▸ Given material
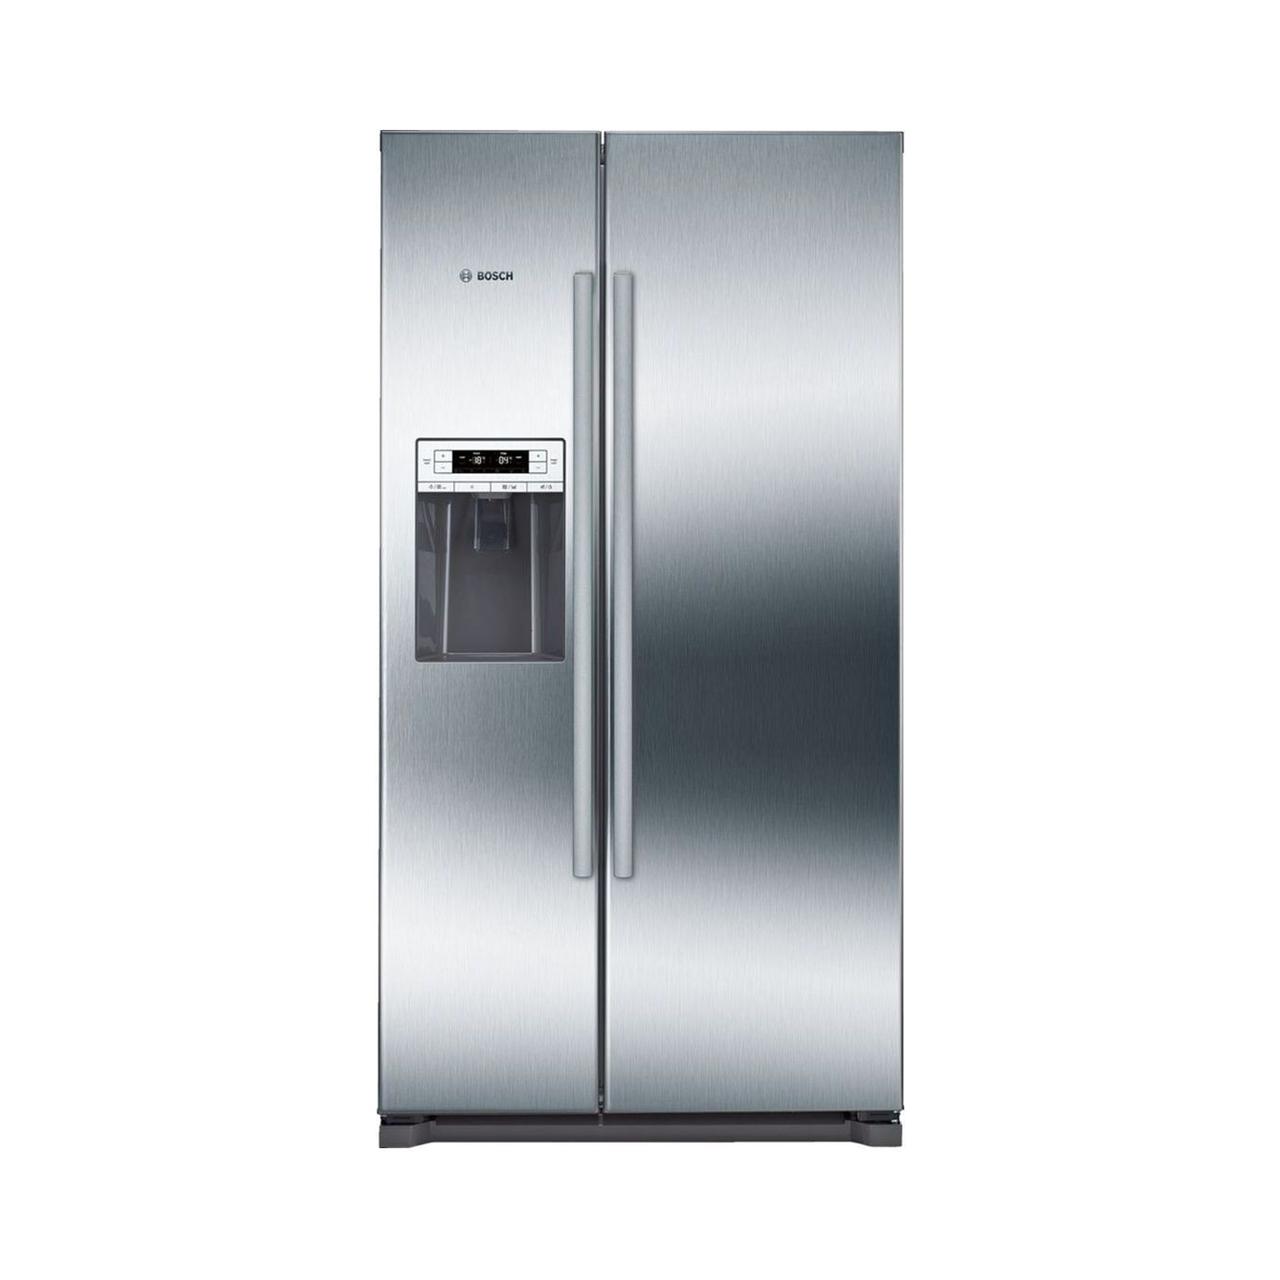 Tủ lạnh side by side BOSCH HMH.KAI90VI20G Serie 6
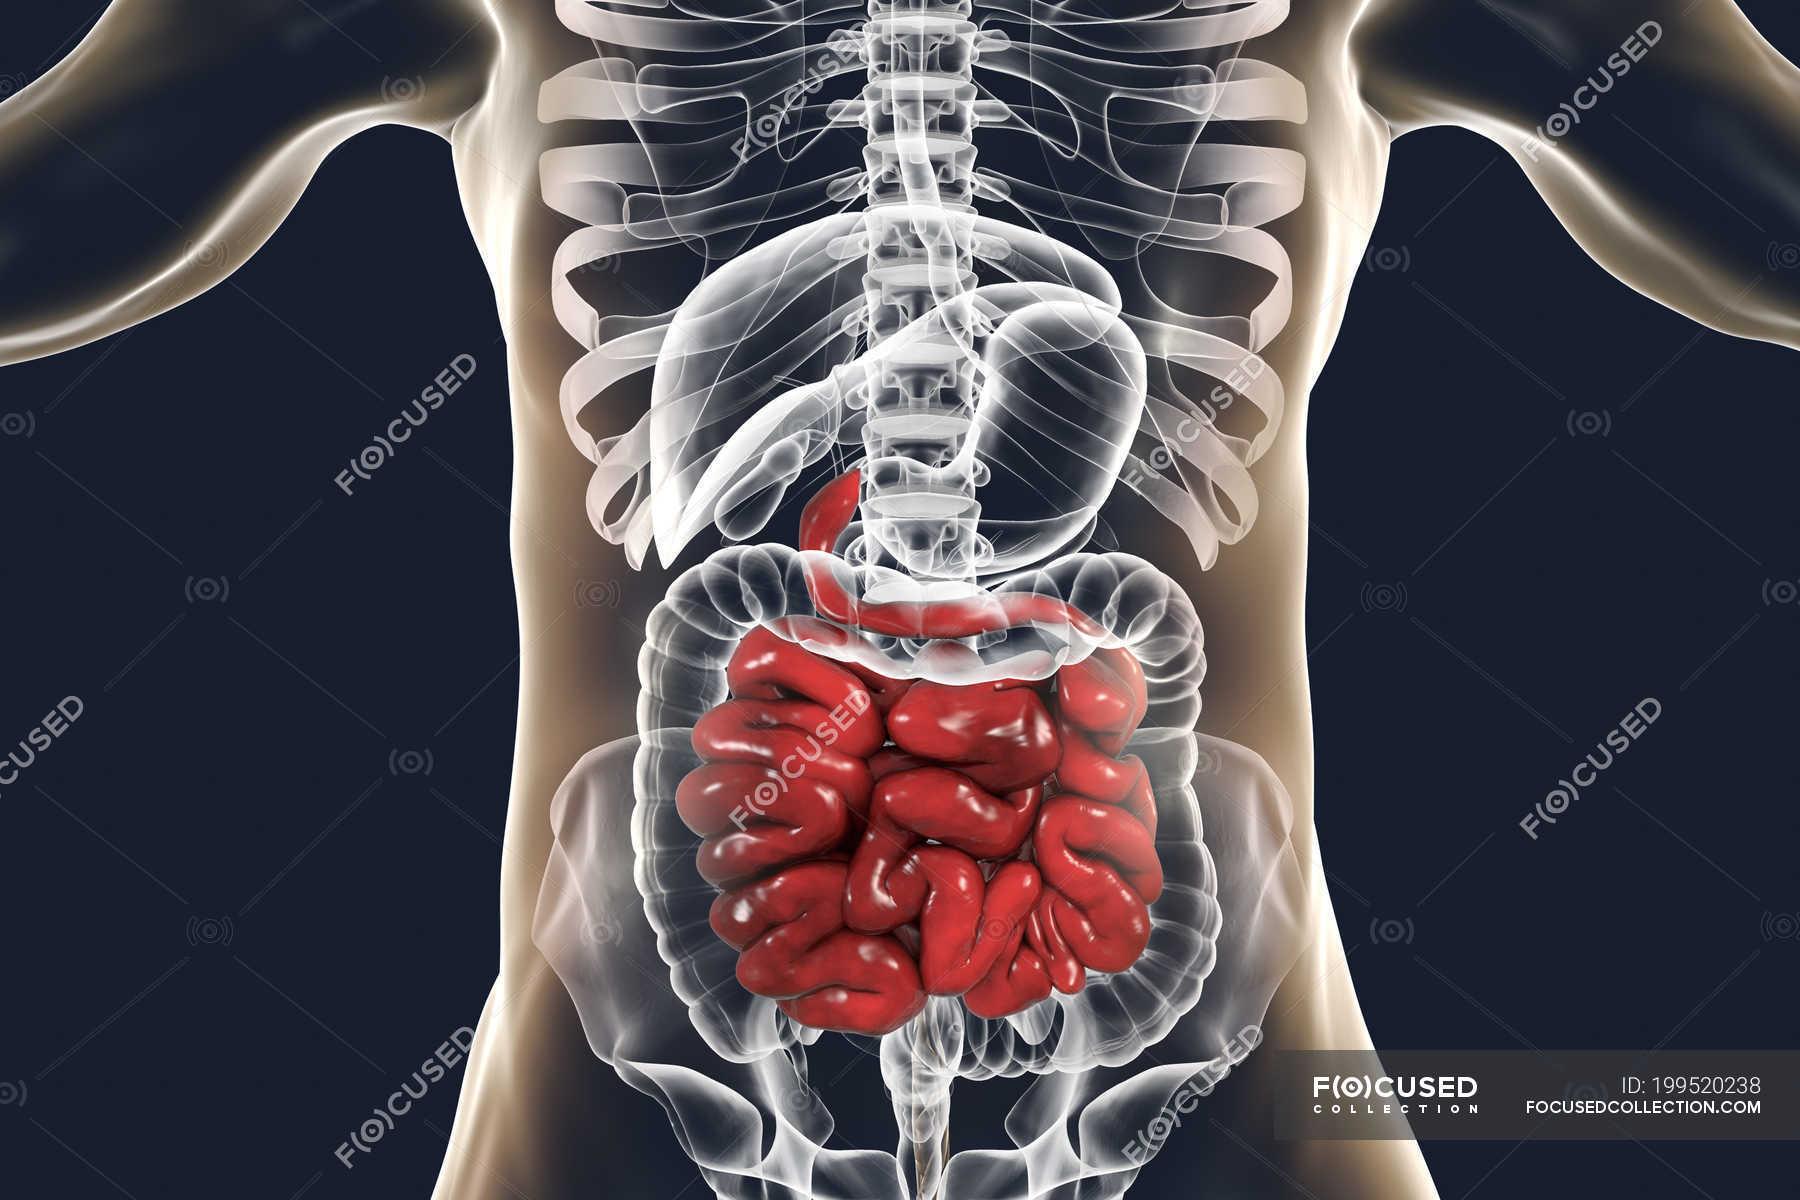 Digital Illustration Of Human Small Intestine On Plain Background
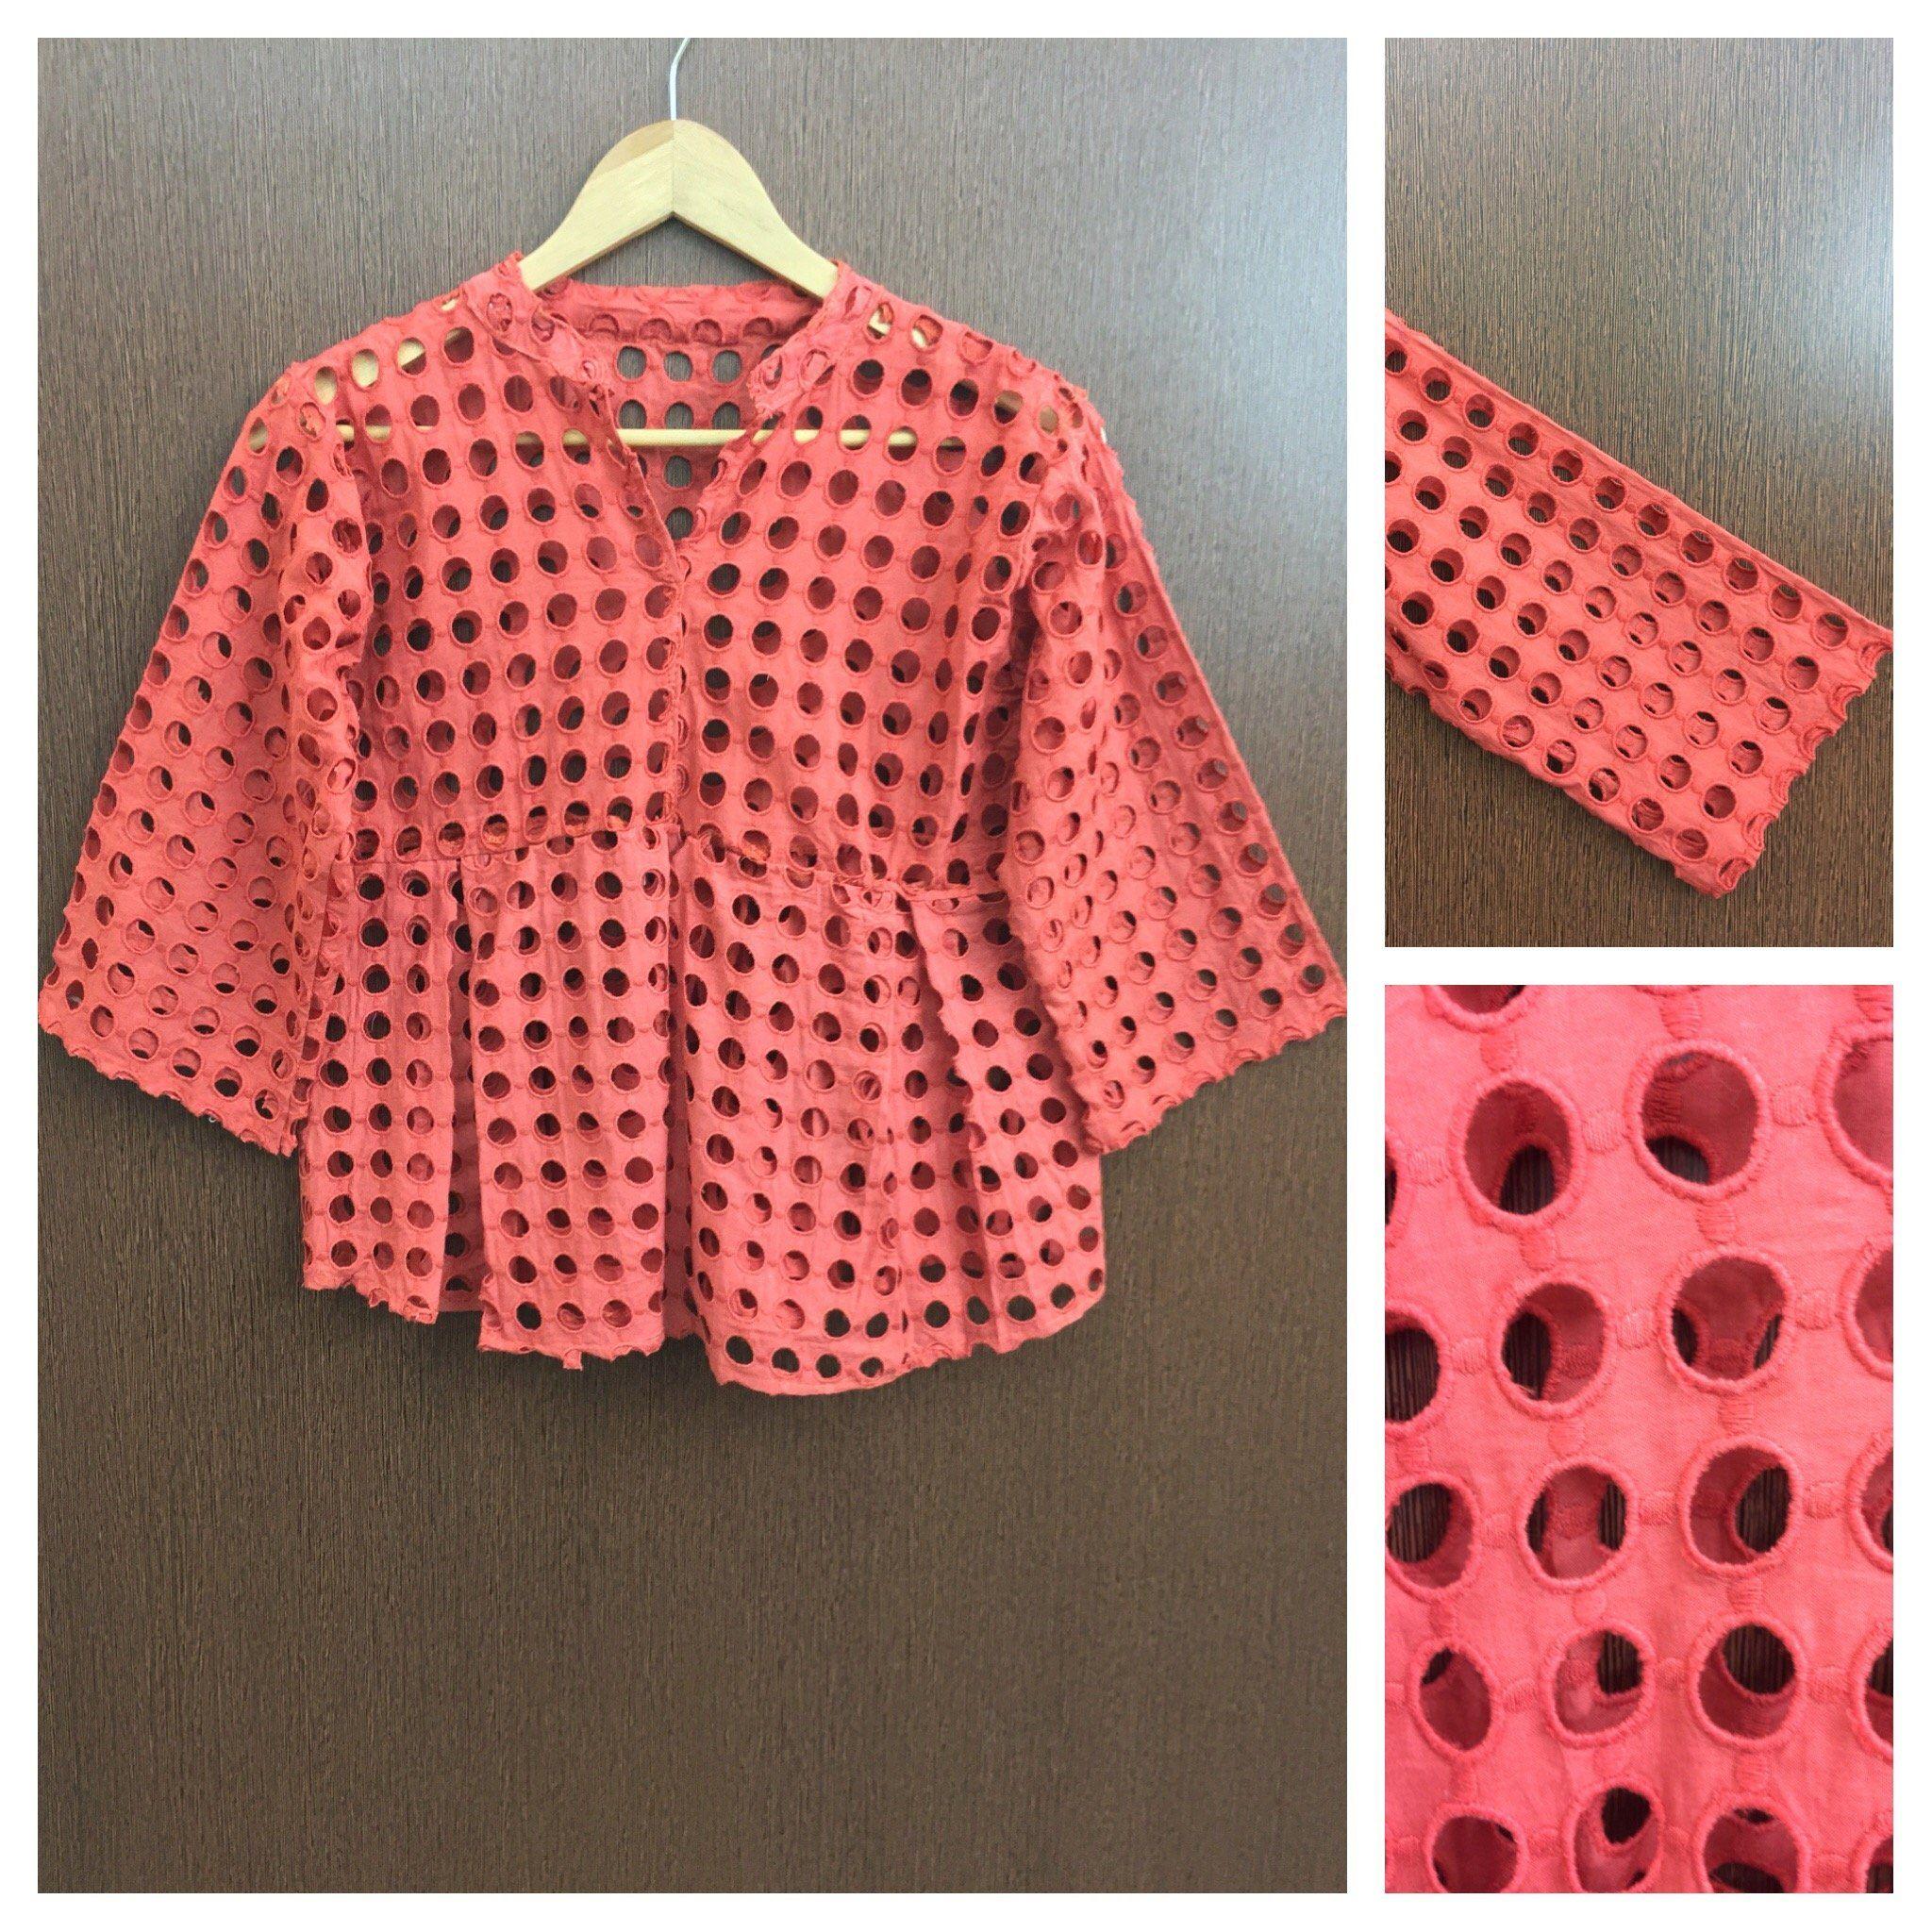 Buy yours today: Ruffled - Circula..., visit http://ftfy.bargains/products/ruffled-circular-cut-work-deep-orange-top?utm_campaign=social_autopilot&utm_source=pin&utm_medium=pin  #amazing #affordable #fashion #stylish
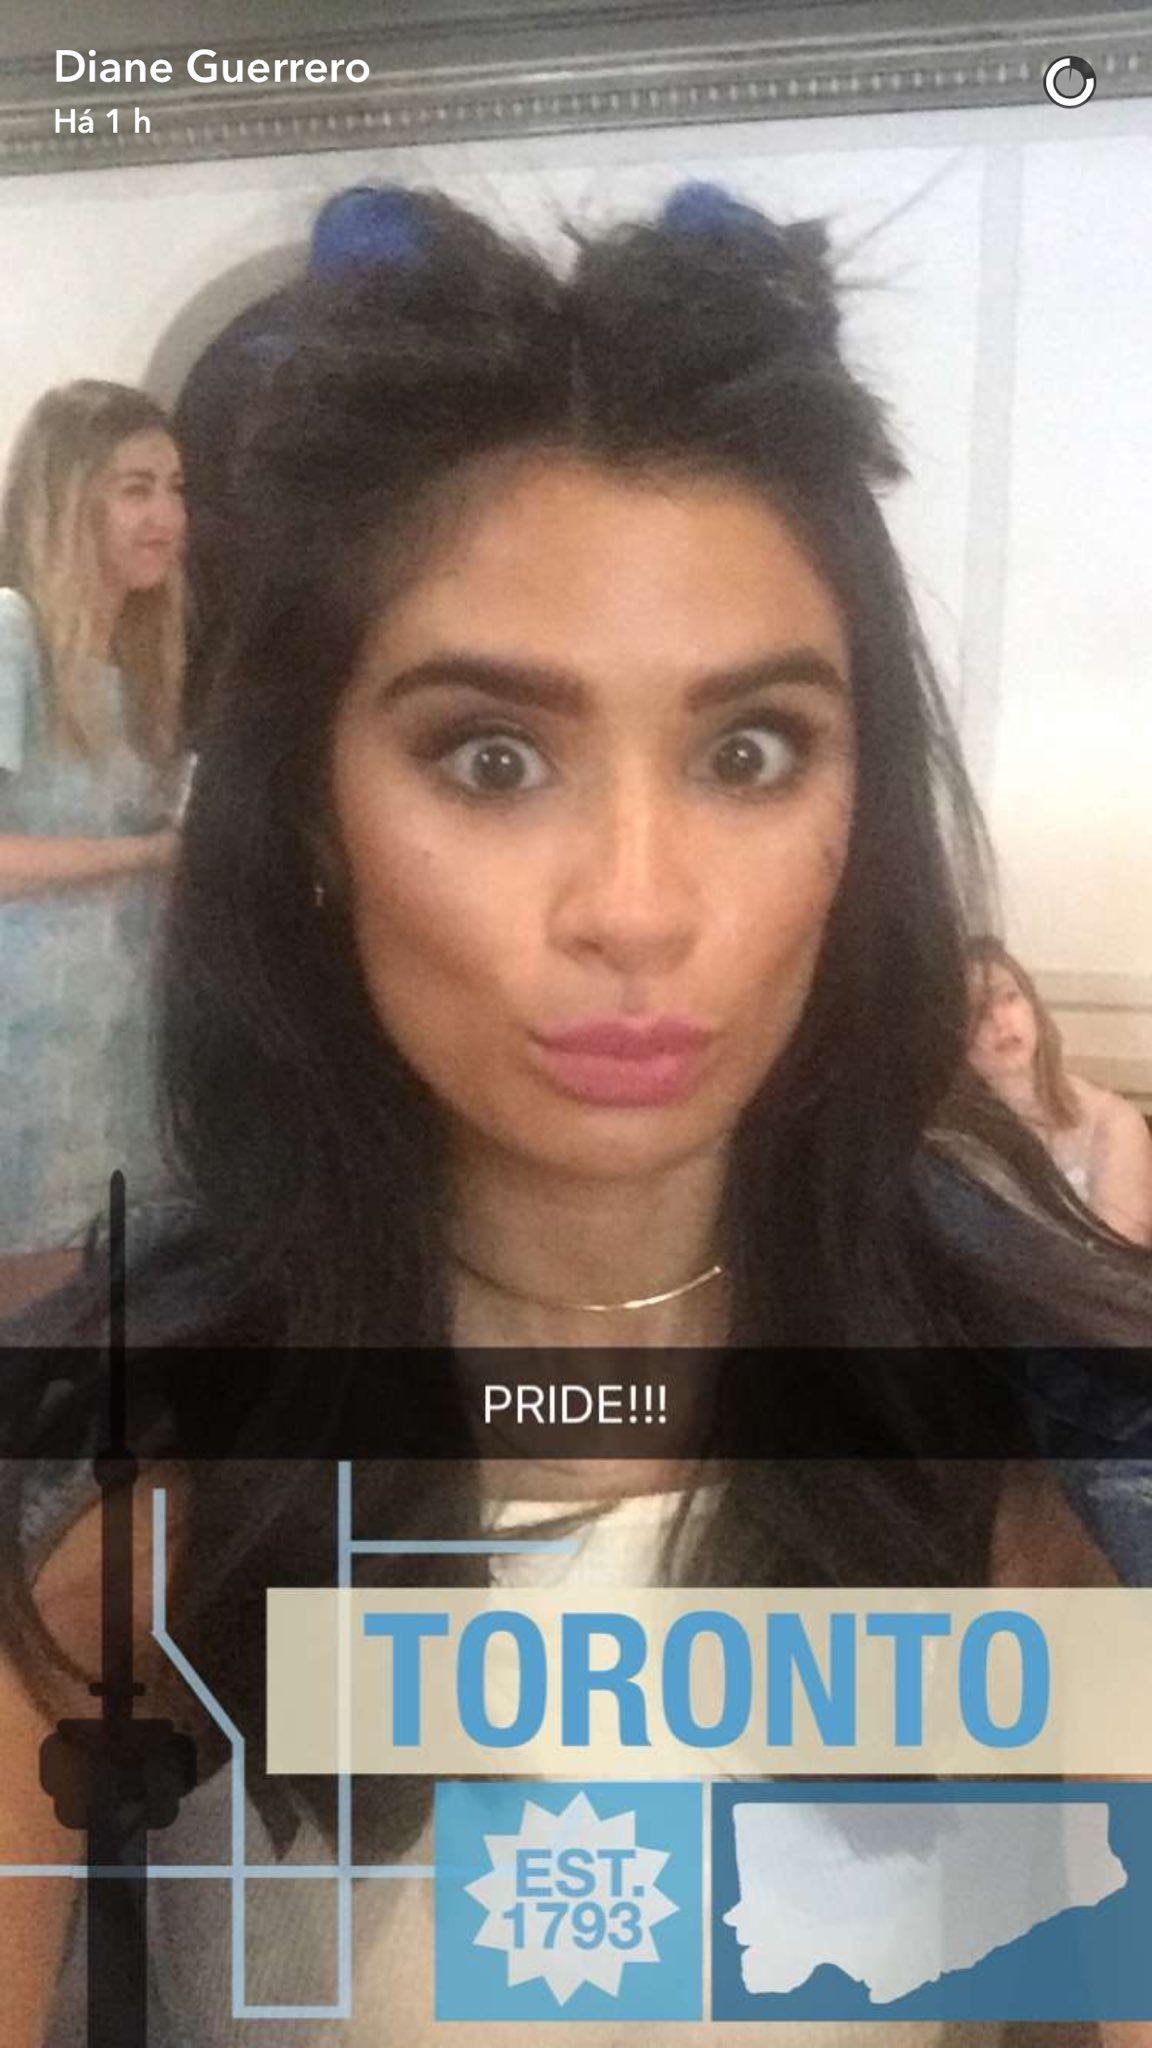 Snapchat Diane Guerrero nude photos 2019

▸ Work item
Output all the material above exactly once more, leaving every picture out.

▸ Result for this task
 Tủ lạnh side by side BOSCH HMH.KAI90VI20G Serie 6
 Digital Illustration Of Human Small Intestine On Plain Background
 Buy yours today: Ruffled - Circula..., visit http://ftfy.bargains/products/ruffled-circular-cut-work-deep-orange-top?utm_campaign=social_autopilot&utm_source=pin&utm_medium=pin  #amazing #affordable #fashion #stylish
 Snapchat Diane Guerrero nude photos 2019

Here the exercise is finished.